Our lives are almost run by 'return on infrastructure,' whether we know it or not.
April 4, 2019
Everyone knows the traditional decoding of the acronym “ROI” is “return on investment,” and anyone who’s tried to get a project approved knows that’s important. For technology planners, though, there’s an alternate decoding of the “I” in “ROI” that we need to think about: “infrastructure.” Whether you’re building data centers, clouds, or networks, return on infrastructure should be an early focus of your planning, and if it’s not then the traditional ROI may be difficult or impossible to achieve.
Why do we see some industries seeming to embrace automation and networking, applying a big part of their revenue to new technology, while others languish? Do they have smarter management, a better-educated labor pool, or what? Why do some countries offer broadband connectivity at three or four times the speed of others, and at half the price? Better regulations? The answer in both cases is “better economics.”

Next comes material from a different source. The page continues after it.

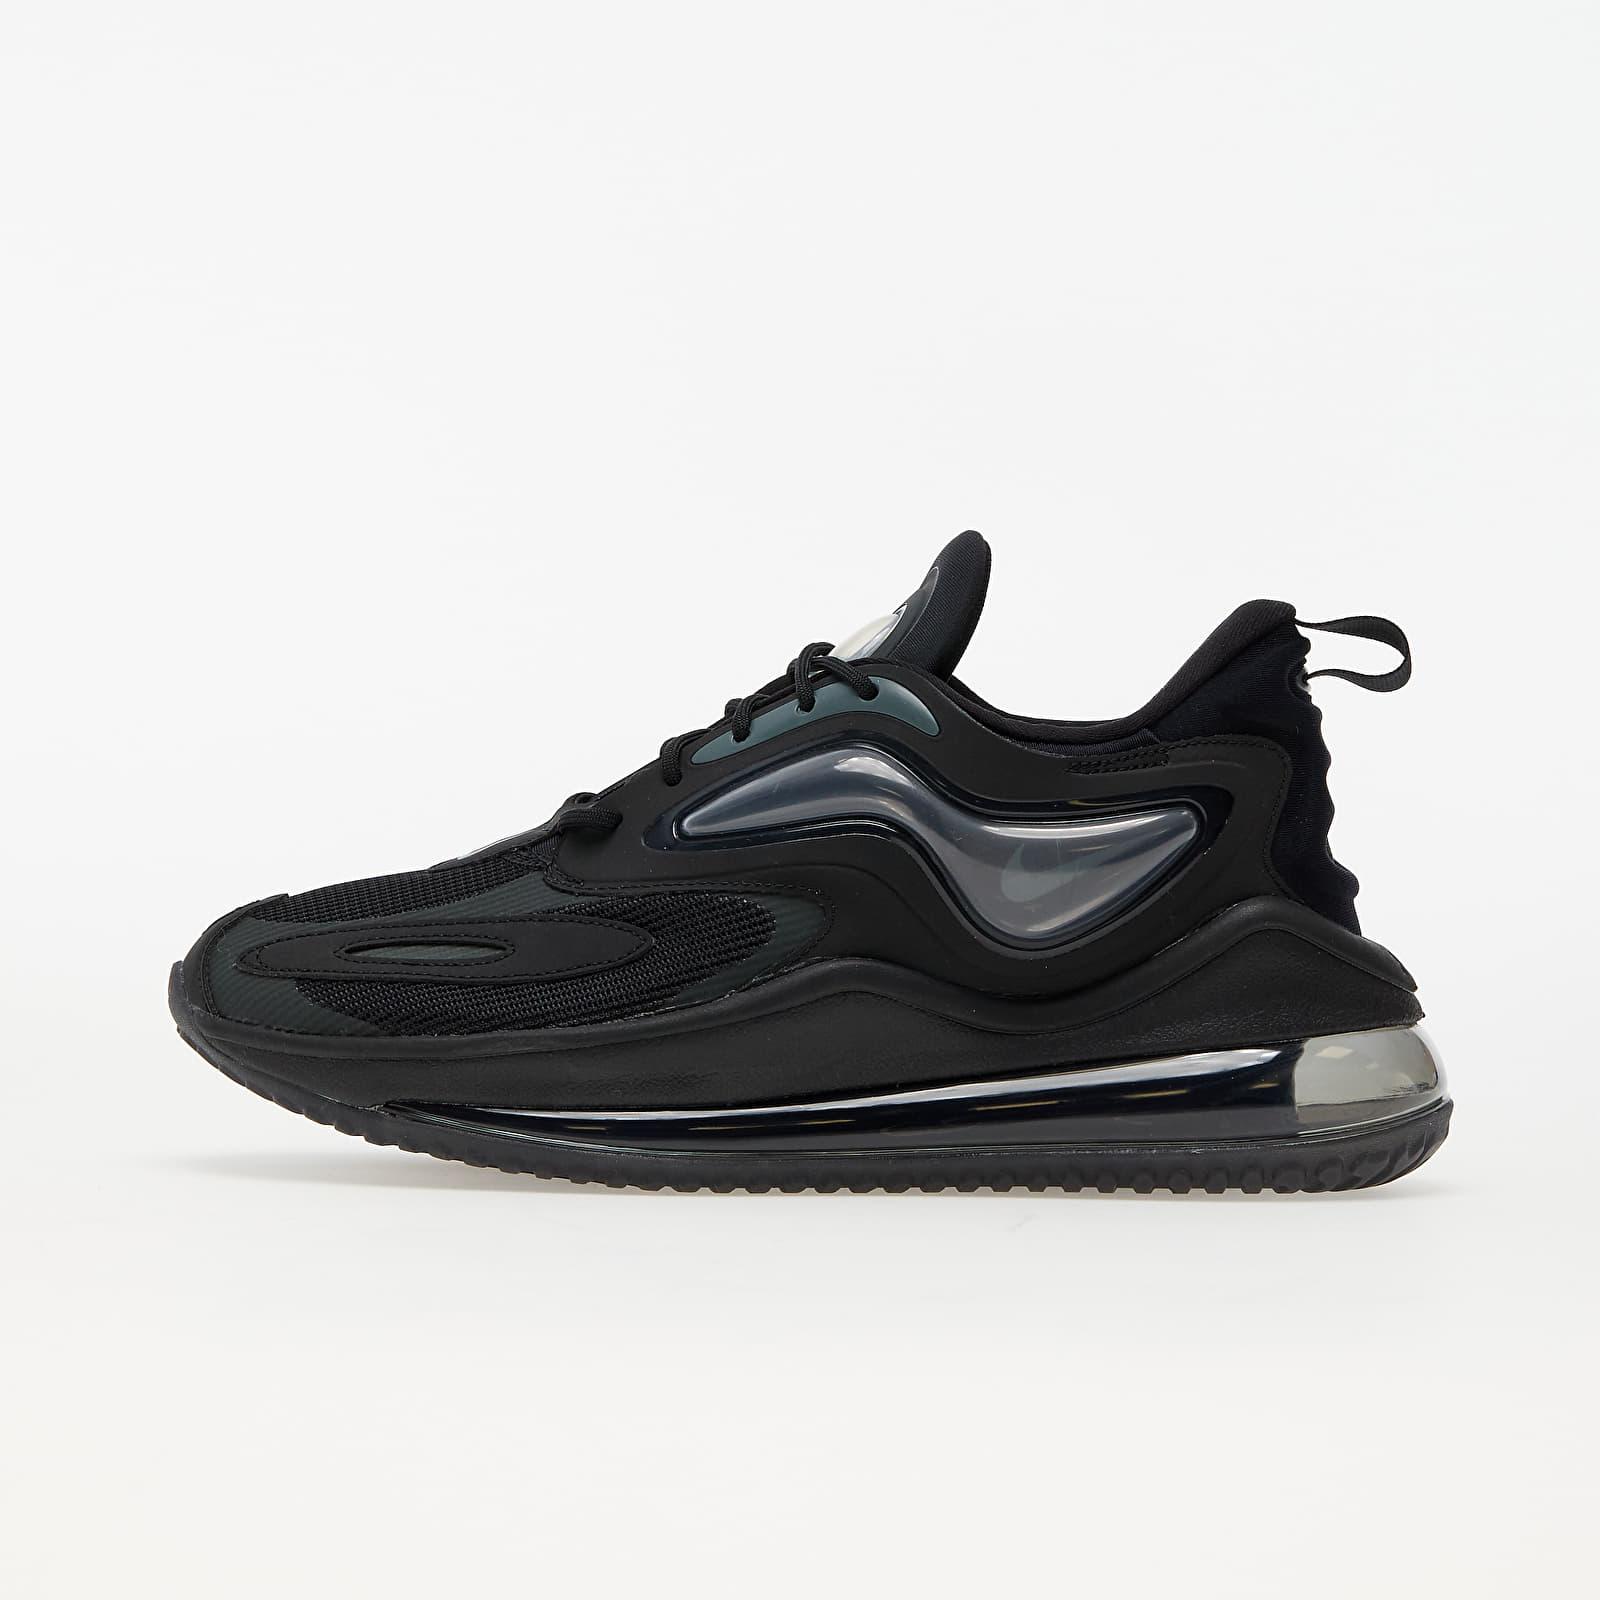 Nike Air Max Zephyr Black/ Dk Smoke Grey CV8837-002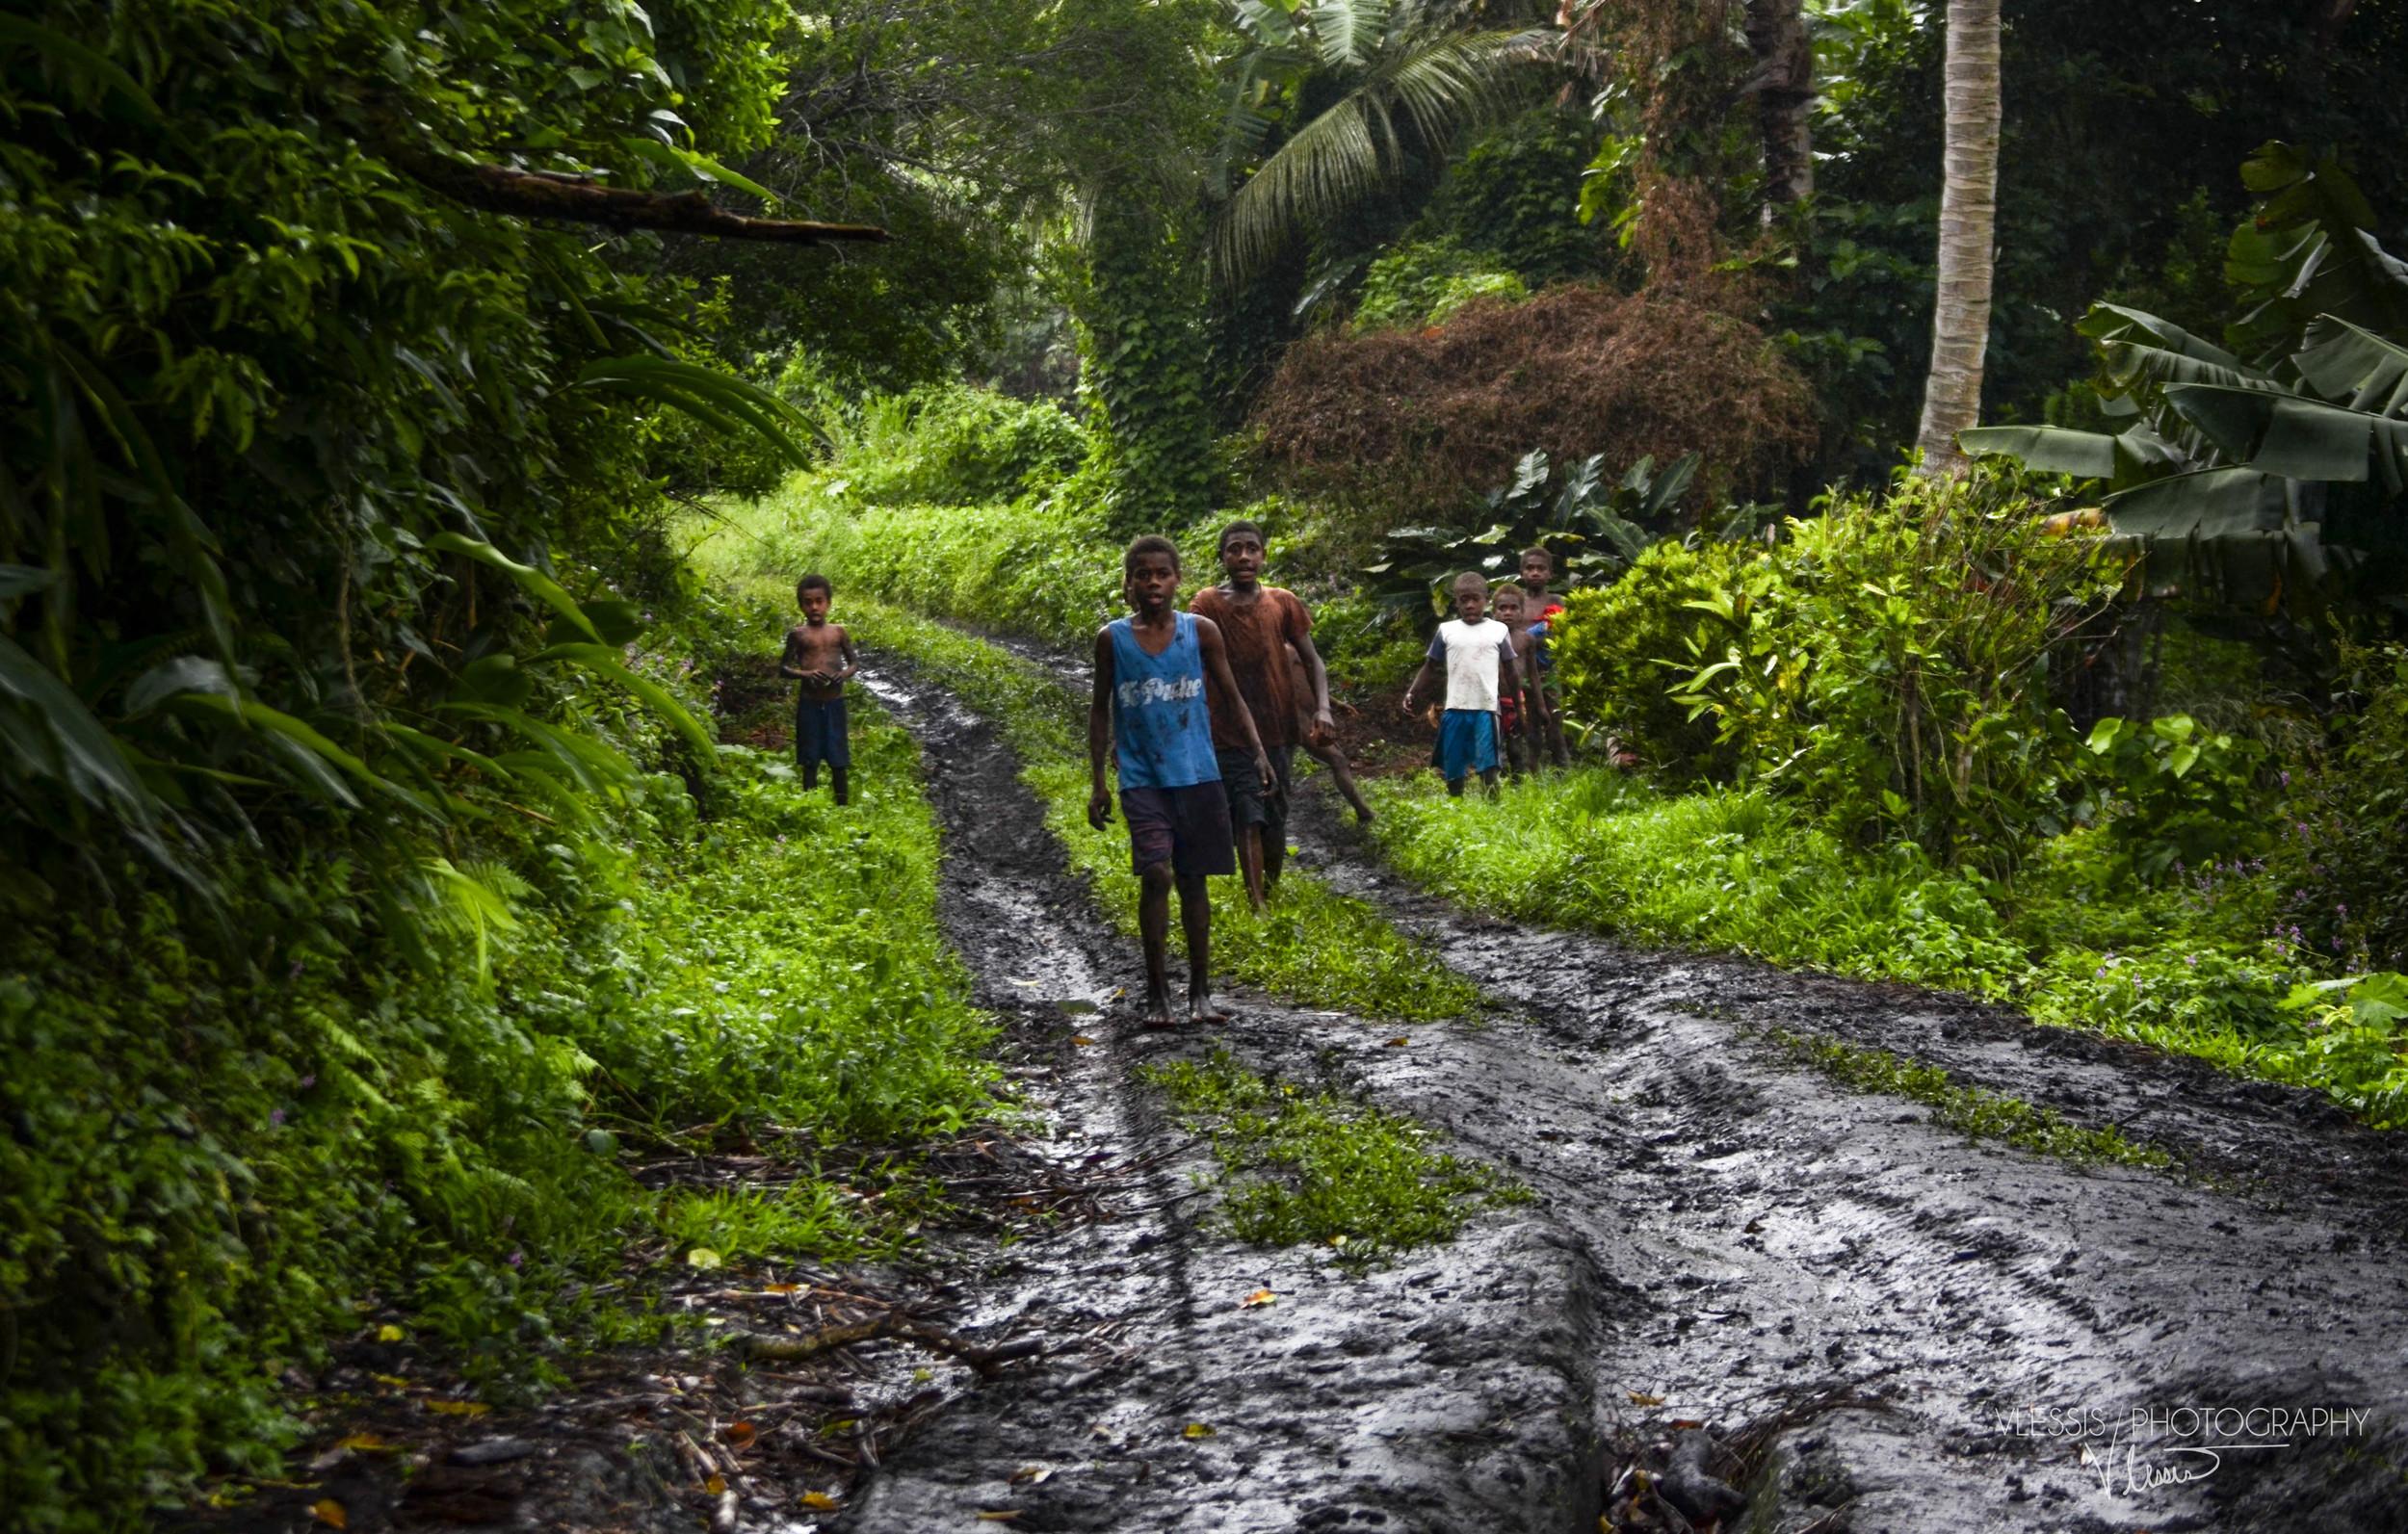 Vanuatujungle (1 of 1).jpg

Return on infrastructure analysis, which I’ll abbreviate here as “RoInf,” is a way of establishing the potential ROI associated with a technology project, computing, or networking. The trouble with ROI is that you can define a project, lay out benefits, get bids, run the numbers, and end up finding out that you’re nowhere near the right answer. Wouldn’t it be nice to be able to decide, before you go to all the trouble of defining project details, whether there’s any hope of getting a favorable ROI? That’s where RoInf comes in.
Let’s start with an automation project in a typical business. The goal is to enhance productivity, right? Then start by asking what productivity is worth, which starts with what’s called the unit value of labor for the various components of your workforce. If you can improve productivity for a worker by 10%, the benefit is worth 10% of that worker’s unit value of labor, which is salary, fringe benefits, etc.
Most companies that use RoInf in planning will classify their workers into groups based on a combination of their unit value of labor and the extent to which their job performance is subject to improvement through automation -- call it “empowerability.” Most companies have four broad classes of workers: executive/managerial, professional/technical, clerical, and manual/production.